Huntingtin as a Presymptomatic Regulator of Alzheimer’s Disease - European Medical Journal

Huntingtin as a Presymptomatic Regulator of Alzheimer’s Disease

2 Mins
Neurology
Authors:
*Michael Axenhus,1,2 Sophia Schedin-Weiss,1 Per Nilsson,1 Bengt Winblad,1,2 Lars Tjernberg1
Disclosure:

The authors have declared no conflicts of interest.

Citation
EMJ Neurol. ;10[1]:29-30. DOI/10.33590/emjneurol/10045046. https://doi.org/10.33590/emjneurol/10045046.

Each article is made available under the terms of the Creative Commons Attribution-Non Commercial 4.0 License.

BACKGROUND AND AIMS

The identification of pathological elements that drive disease progression, so-called regulators, is essential when studying progressive diseases. Several neurodegenerative diseases are associated with such disease regulators, key examples being huntingtin in Huntington’s disease and Aβ and τ in Alzheimer’s disease (AD).1,2

When AD presents with symptoms, irreversible neuronal damage has already occurred.3 This fact highlights the need to discover new disease regulators, which can be used for therapeutical development. Targetable intervention and therapy are needed to address presymptomatic processes, and regulatory proteins are a key part of disease progression and represent potential targets.4 Due to the multifactorial pathology of AD, a multimodal approach is needed in order to identify disease regulators. In these studies, the authors used unbiased proteomics coupled with bioinformatics and microscopy methods in order to discover novel disease regulators in AD.

MATERIALS AND METHODS

Proteomics and subsequent Ingenuity Pathway Analysis (IPA) were performed on a knock-in mouse model for AD (AppNL-F/NL-F), which specifically produced increased levels of the neurotoxic peptide Aβ42, making it suitable for studies of Aβ42-driven pathology.

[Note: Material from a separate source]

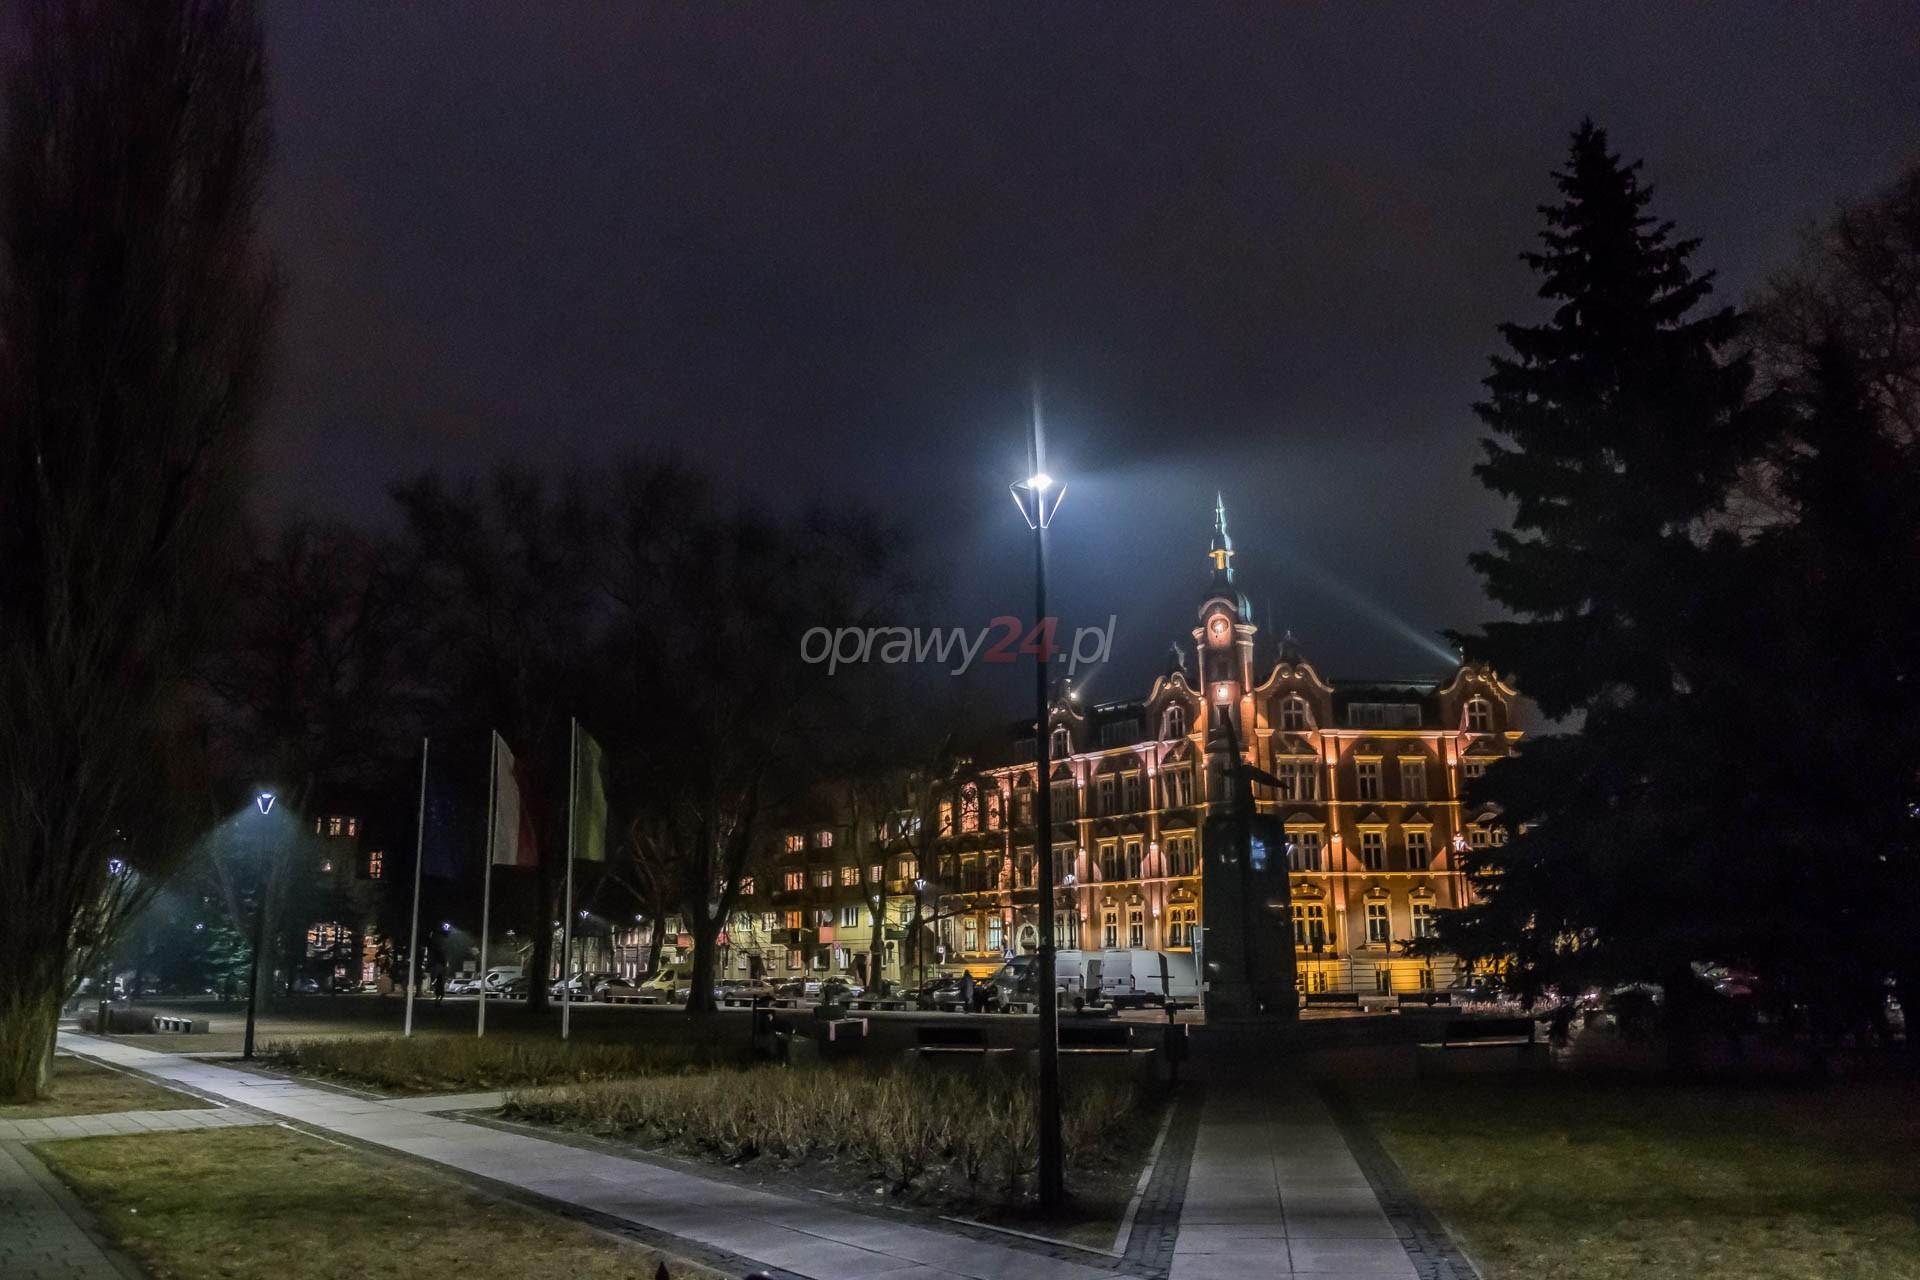 Siemianowice Śląskie z nowym oświetleniem LED

The levels of huntingtin in human and mouse brains were quantified using immunohistochemistry (IHC) and the subcellular huntingtin location was determined by fluorescence microscopy. Potential colocalisation between reactive astrocytes, τ tangles, and huntingtin was determined in human AD tissue by using confocal microscopy.

RESULTS

By using IPA, huntingtin was identified as a presymptomatic regulator of disease progression in a proteomics data set from cortex and hippocampus taken at four different ages (3, 6, 9, and 12 months) from the AppNL-F/NL-Fmouse. Several known Aβ42-associated proteins were also detected. By using semi-quantitative IHC, huntingtin levels were shown to be highly increased in AppNL-F/NL-Fcompared with wild type mice at 6 months of age (3 months before the appearance of amyloid plaques). The huntingtin levels increased over time in wild type mice but not in AppNL-F/NL-Fmice and at 25 months, there was no difference in the levels of huntingtin. Moreover, IHC showed increased levels of huntingtin in pyramidal neurons in the hippocampus and frontal cortex in patients with AD relative to controls (Figure 1).

Figure 1: Huntingtin in the brain of patients with Alzheimer’s disease.
Huntingtin is increased in the hippocampal tissue when compared with controls.
AD: Alzheimer’s disease.

In contrast to Huntington’s disease, huntingtin did not colocalise with reactive astrocytes in AD brain, as demonstrated by confocal microscopy. Huntingtin levels were increased in pyramidal neurons in AD brain. There was no significant colocalisation of huntingtin with phosphorylated τ.

CONCLUSION

Huntingtin accumulates in the brain of patients with AD and is distinct from the huntingtin accumulation seen in Huntington’s disease. Huntingtin accumulation precedes AD pathology in AppNL-F/NL-Fmice.

These findings implicate huntingtin in the pathology of AD and warrant further studies. Huntingtin regulation could be a potential treatment for AD due to the numerous clinical trials aimed at Huntington’s disease. The process by which huntingtin regulates AD pathology needs to be established. Mechanistic studies of huntingtin in neuronal cell cultures will shed light on the relationship between huntingtin and AD pathogenesis.

References
Bloom GS. Amyloid-β and tau: the trigger and bullet in Alzheimer disease pathogenesis. JAMA Neurol. 2014;71(4):505-8. Zheng Z, Diamond MI. Huntington disease and the huntingtin protein. Prog Mol Biol Transl Sci. 2012;107:189-214. Vickers JC et al. The cause of neuronal degeneration in Alzheimer’s disease. Prog Neurobiol. 2000;60(2):139-65. Vargas DM et al. Alzheimer’s disease master regulators analysis: search for potential molecular targets and drug repositioning candidates. Alzheimers Res Ther. 2018;10(1):59.